I have written about similar toys and lights earlier too, but toys these days outdo all possible ways of cost-effectiveness. What you see in pics and videos for this post are fancy light balloon lights. These are available on the roadside for INR 50($0.6) but cost less than INR 20 ($0.25) to manufacture. Just take a moment to think about how ridiculous that price is. For INR 20, you get 2 high-quality medium thickness balloons, 28 LEDs, 3AA Batteries, a PCB with an ASIC LED driver, a push-button switch, 3m long single-stranded 26AWG wire, 2 battery spring contacts, 3 injection-moulded hard plastic handle pieces, long flexible plastic tube and a plastic ring to hold everything in place. How crazy is that? That’s the power of Chinese manufacturing at scale. You can say whatever you want about the geopolitical situation, folks from China do know how to manufacture electronic stuff, period. Just imagine how you might solder 28 LEDs on a bare wire, at least that would amount to some cost. How on earth is this so cheap?
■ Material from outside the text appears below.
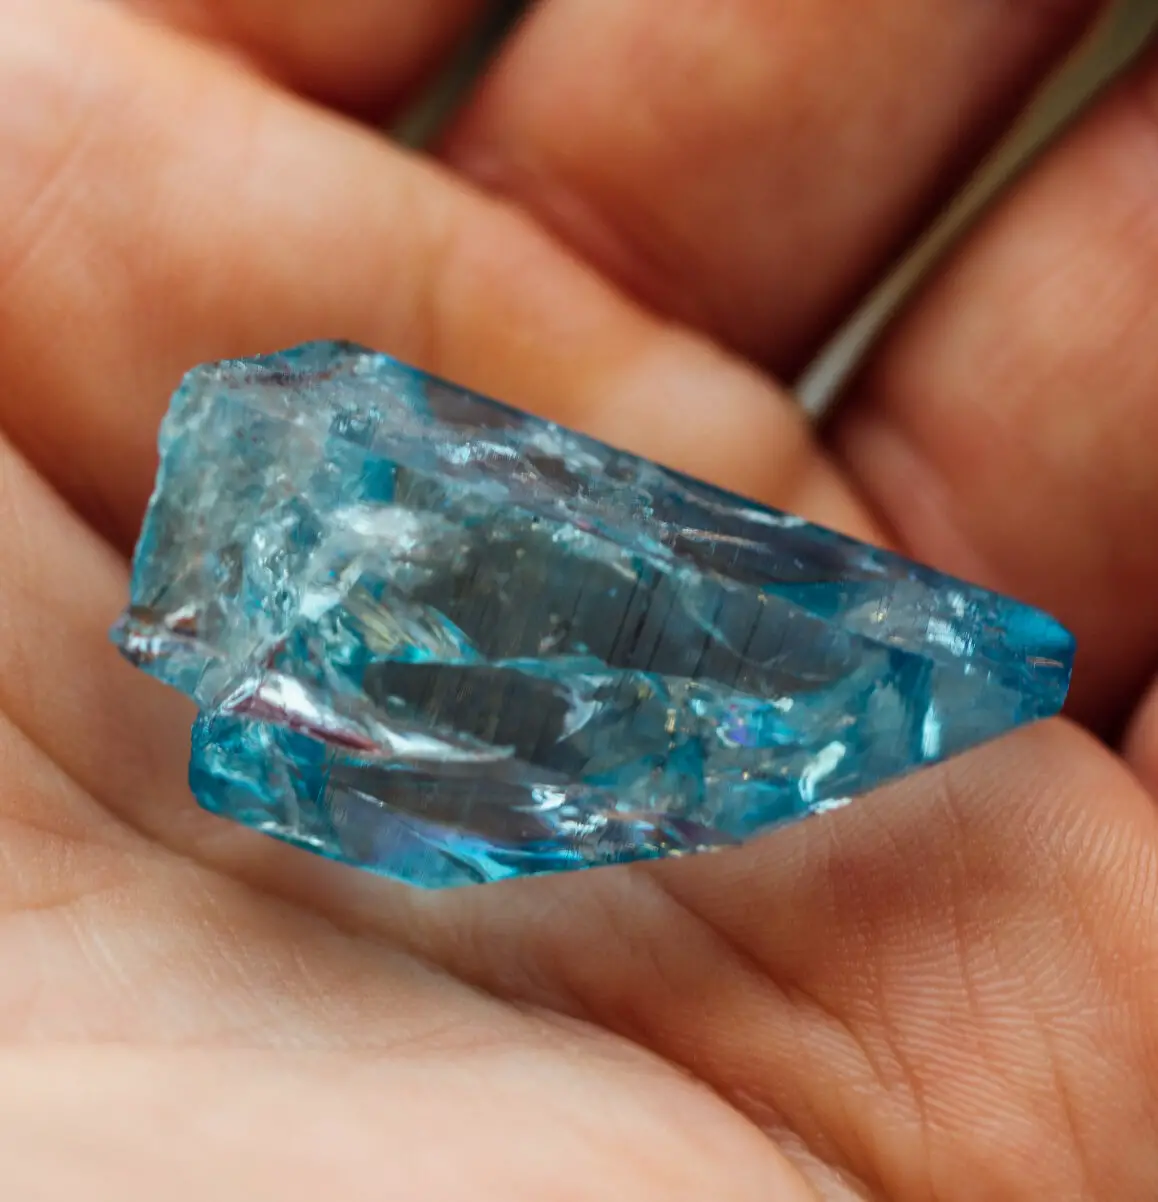 How to Tell if Aquamarine is Real or Fake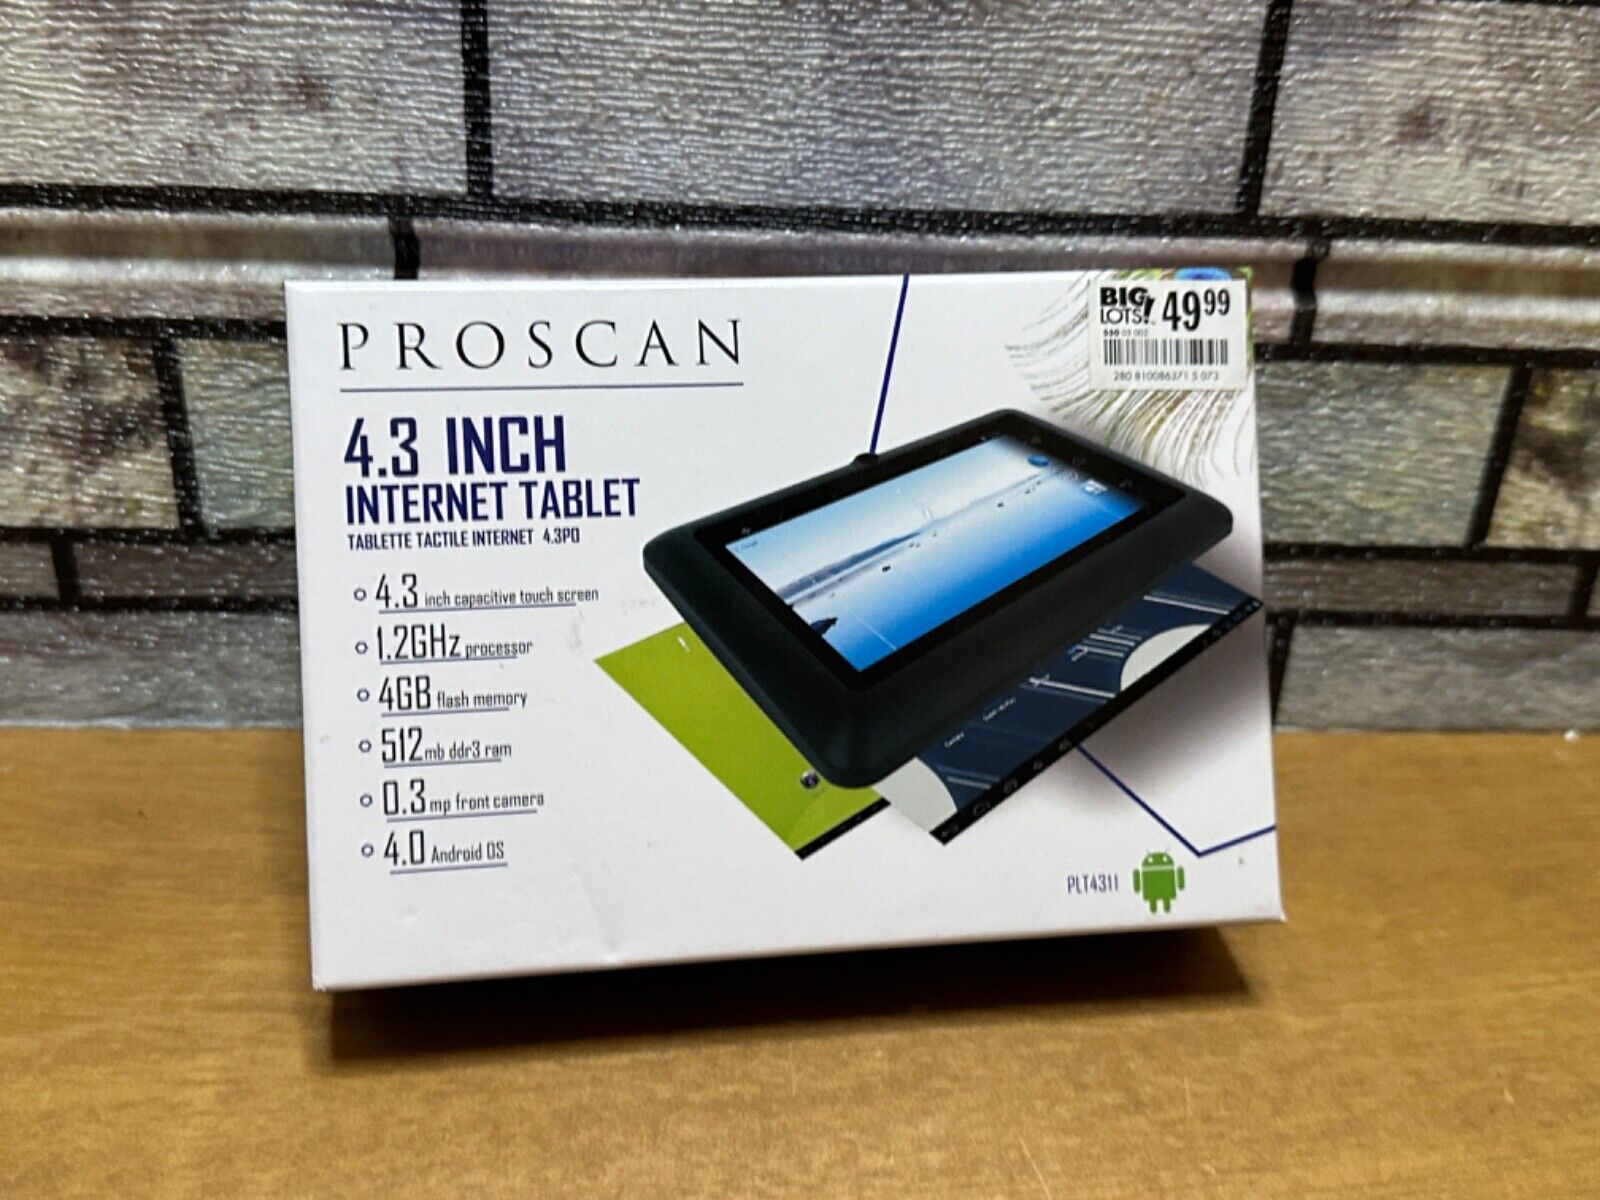 Proscan 4.3 Inch Android Touch Screen Tablet w Box, Free QuikShip

Coming to the electronics teardown, all that the PCB contains are the leads for the battery, a push button connected to a custom ASIC LED driver with 28 LEDs(each of a single colour type) all connected in parallel on an approx 3m wire. The push-button cycles through 3 modes(PWM drive) of LED blinking operation on the sequential presses of the button and finally turns OFF. I measured the power consumption of the circuit. On steady-state mode consumes approximately 60mA of current amounting to 2mA/LED. On the blinking states, it’s around 35mA in total. Considering the total price, the custom ASIC will be costing INR 2-3. That’s insane. It’s always fun to figure out how these toys are put together.